The accuracy measurement module 320 measures the accuracy of business information about a business entity retrieved from the sources 130 by comparing the business information with information extracted from authority pages of that business entity. Because the authority websites 120 are directly controlled by the corresponding business entities, information extracted from the authority pages is very likely to belong to the corresponding business entities and more accurate comparing to the business information about the business entities provided by the aggregate information sources 130. Accordingly, the extracted information can be used to measure the accuracy of the corresponding business information (e.g., telephone numbers, addresses) from the aggregate information sources 130. As shown in
The information extraction module 325 extracts information from authority pages retrieved by the authority website communication module 315 from the authority websites 120. Example information extracted by the information extraction module 325 in authority pages includes telephone numbers and addresses. The information can be extracted from authority pages such as the welcome page (also called a “default page”) of the authority website 130 and the web page directed to by hyperlinks labeled “contact us” or similar text in other authority pages (also called a “contact page”). The information extraction module 325 extracts the telephone number and the address using technologies such as pattern matching, tag recognition, and/or natural language processing.
To measure the accuracy of business information about a business entity retrieved from a source 130 (also called a “entity-source pair”), the accuracy measurement module 320 compares the information extracted from the authority pages of the business entity to corresponding business information retrieved from the source 130, and calculates an accuracy score for the entity-source pair. For example, if the information extraction module 325 extracts a telephone number from the authority website 130 of a business entity, the accuracy measurement module 320 compares the extracted telephone number with the telephone number(s) of that business entity provided by each source 130. If the telephone number from a source 130 matches the extracted telephone number, the accuracy measurement module 320 assigns a high accuracy score for the entity-source pair (or increases a previously assigned accuracy score). Alternatively, if the telephone number from a source 130 mismatches the extracted telephone number, the accuracy measurement module 320 assigns a low accuracy score for the entity-source pair (or decreases the previously assigned accuracy score). If multiple pieces of information (e.g., telephone number, address) are extracted, the accuracy scores reflect comparisons of all extracted information. The accuracy measurement module 320 may normalize the information to be compared (e.g., removing symbols such as “(”, “)”, “−” from telephone numbers, converting uppercase characters in addresses into corresponding lowercase characters) before conducting the comparisons.

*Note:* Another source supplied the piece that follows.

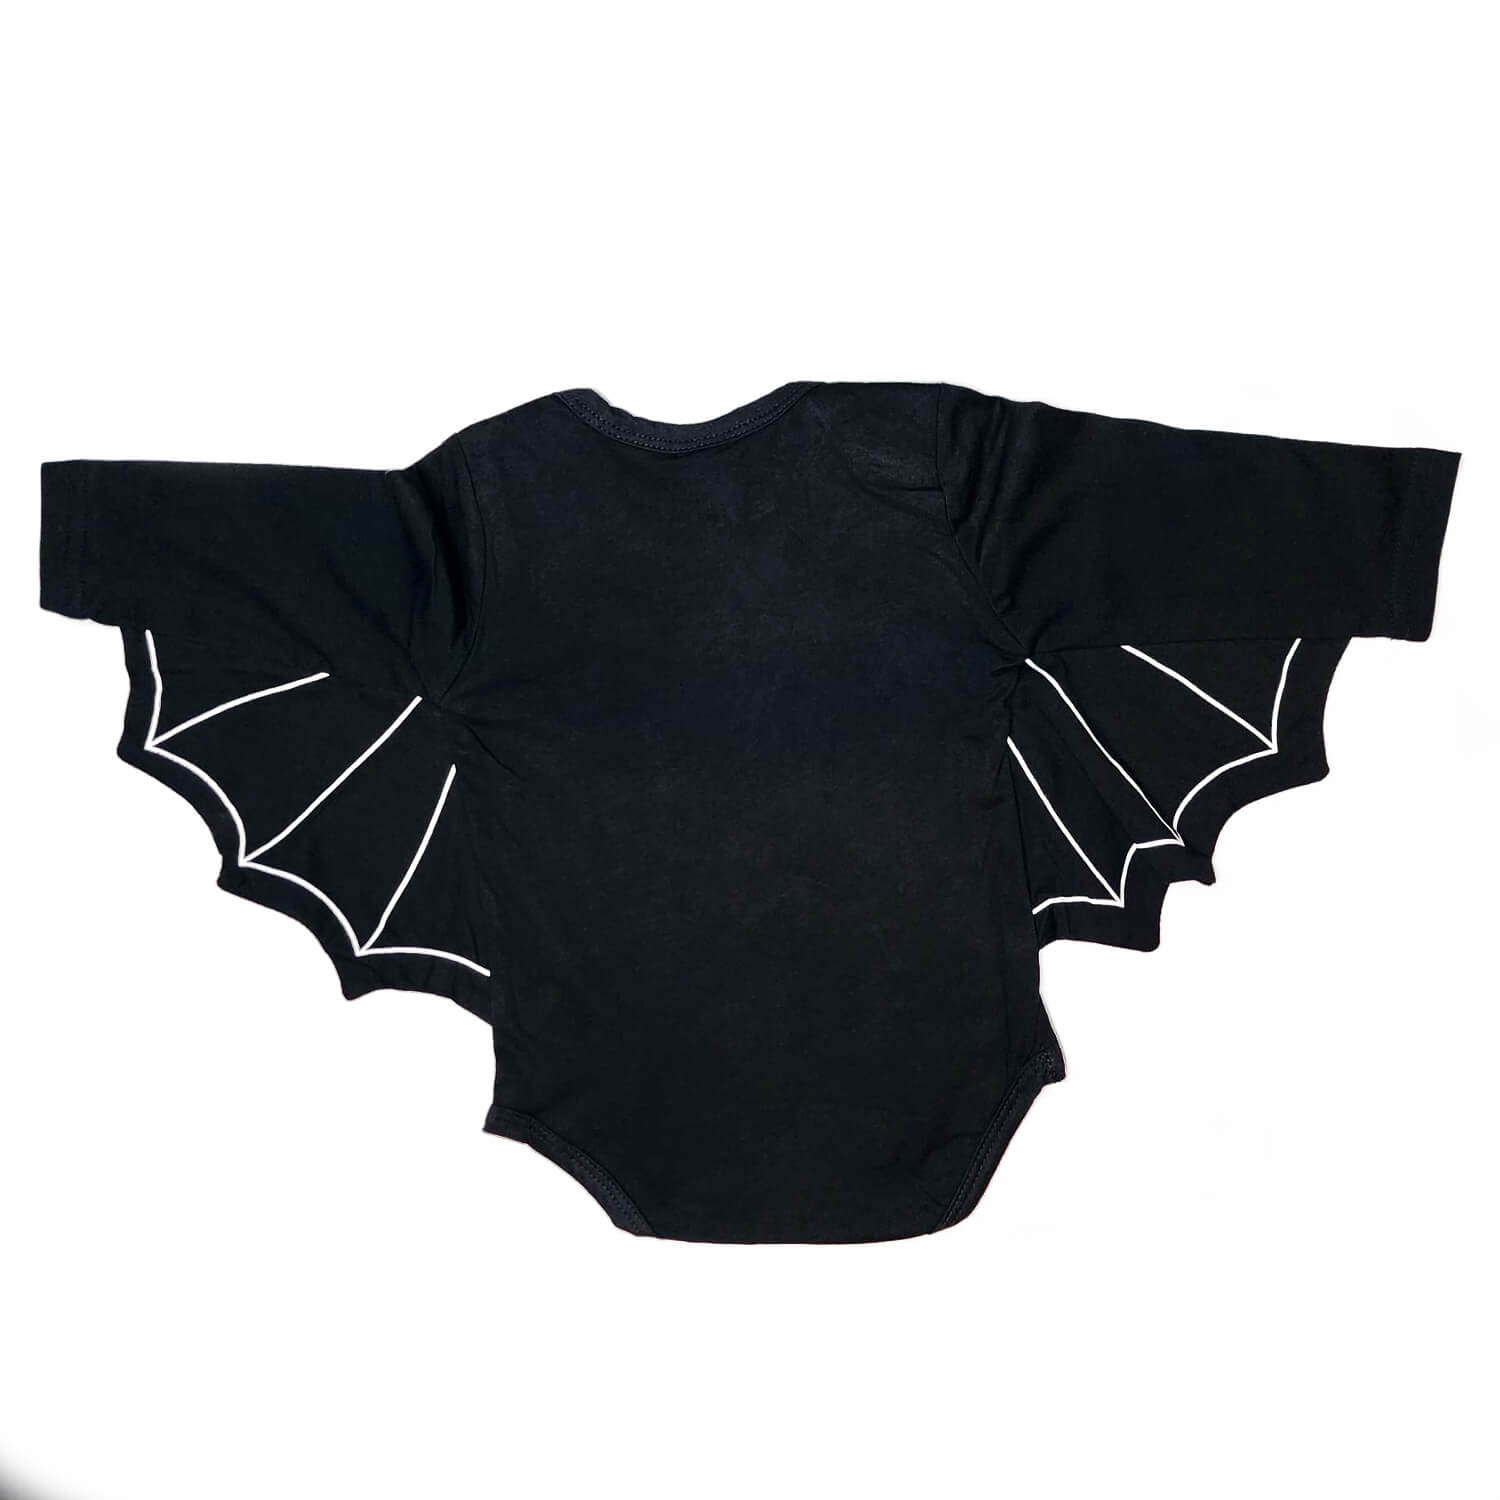 Black bat baby costume back- onesie with arms out to show wings

The accuracy measurement module 320 generates a trustworthy score for each source 130 based on the accuracy scores of entity-source pairs including that source 130. The trustworthy score can be a combination of the accuracy scores (e.g., average, mean, or median). In addition to using the extracted information to measure the accuracy of business information provided by sources 130, the accuracy measurement module 320 may add the extracted information into the collection of business information about the business entities (e.g., if no source 130 provides matching business information).
The business information consolidation module 330 consolidates business information about various business entities from the aggregate information sources 130 into collections of accurate business information about such business entities. For attribute values of a business entity that are extracted from the authority pages of that business entity (e.g., phone number, address), the business information consolidation module 330 deems the extracted attribute values accurate and includes in the collection of accurate business information for that business entity. For other attributes, the business information consolidation module 330 includes the attribute values from the sources 130 with the highest accuracy scores for that entity-source pair in the collection. For a business entity with no known authority website 120 (or no authority website 120 can be determined), the business information consolidation module 330 uses the trustworthy scores for the aggregate information sources 130 as the accuracy measures of the business information, and includes attribute values about that business entity from the sources 130 with the highest reputation scores in the collection.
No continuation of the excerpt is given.